В конце концов тот остановился рядом с Уэссексом.
Как только присутствующие убедились, что на их уединение никто не покушается, они тут же вернулись к своим занятиям. А игроки, сидевшие за тем же столиком, что и Уэссекс, отложили свои карты, дабы подождать, пока герцог устранит возникшее препятствие.
– Ваша милость, с вами желает повидаться одна особа, – произнес неприметный джентльмен.
– Пусть она сама скажет мне об этом.
Не то чтобы Уэссекс так уж сильно разозлился, – просто за последние несколько часов его светлость выпил вполне достаточно, чтобы в нем возобладало безрассудство.
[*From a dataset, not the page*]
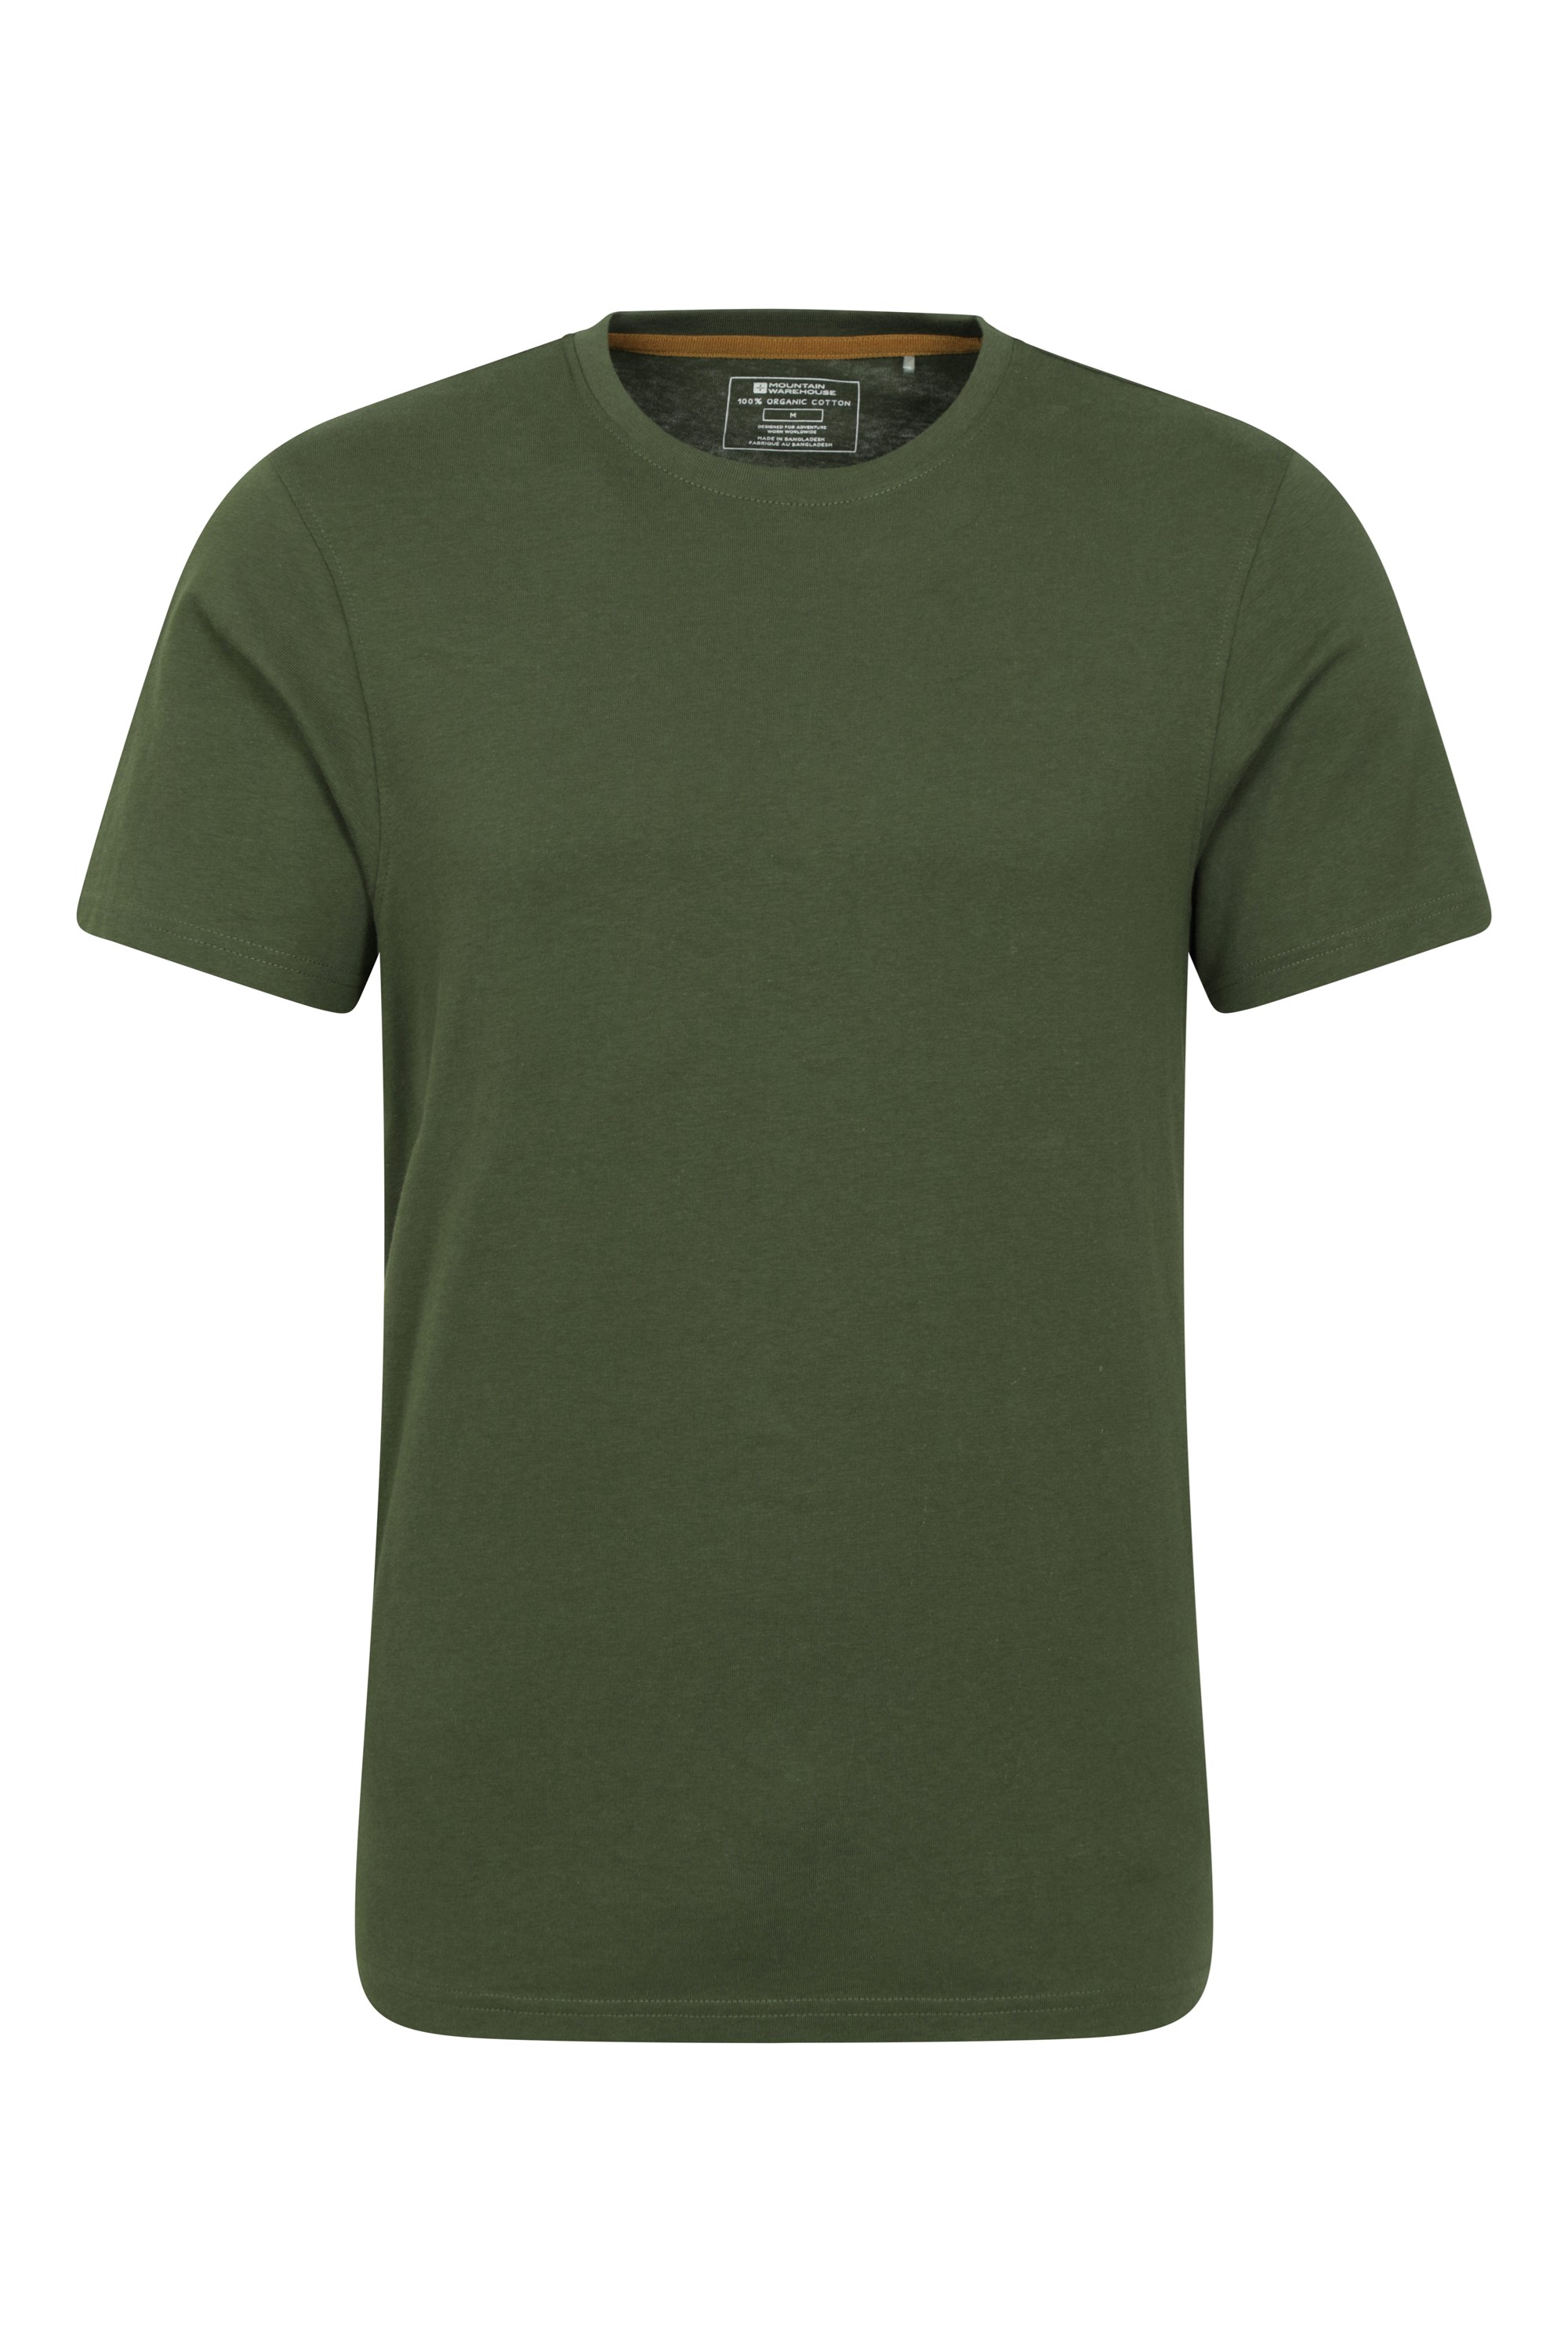 Eden Mens Organic Plain T-shirt - Green

В подобном состоянии человек может подраться на дуэли из-за замечания о своем портном – если таковое будет им услышано.
– К сожалению, этот джентльмен – не член клуба, – отозвался неприметный господин.
– Ну так примите его в клуб, – рассудительно посоветовал Уэссекс.
– К несчастью, у него срочное дело к вашей милости, и он не может ждать, пока пройдет процедура принятия.
– Насколько я понимаю, при необходимости О'Доннел может решать этот вопрос лично, без Совета клуба, – подал еще один бесполезный совет Уэссекс.
– Вероятно, мистер О'Доннел не будет приветствовать присоединение этого джентльмена к его клубу, – сказал незнакомец.
Уэссекс, прищурившись, взглянул на него. Он уже начал терять терпение.
– Еще более вероятно, что я вас застрелю, если вы отсюда не уберетесь.
– У этого джентльмена совершенно неотложное дело к вашей милости, – не унимался гость. – Вы к нему выйдете?
Возможно, к этому моменту Уэссексу стало любопытно, как незваный гость умудрился пробраться так далеко, не подняв при этом шума. А возможно, ему просто надоела эта словесная дуэль. Не потрудившись ответить, герцог встал, смахнул лежавшую перед ним на столе груду золотых кругляшей к себе в карман и жестом велел назойливому гостю идти вперед.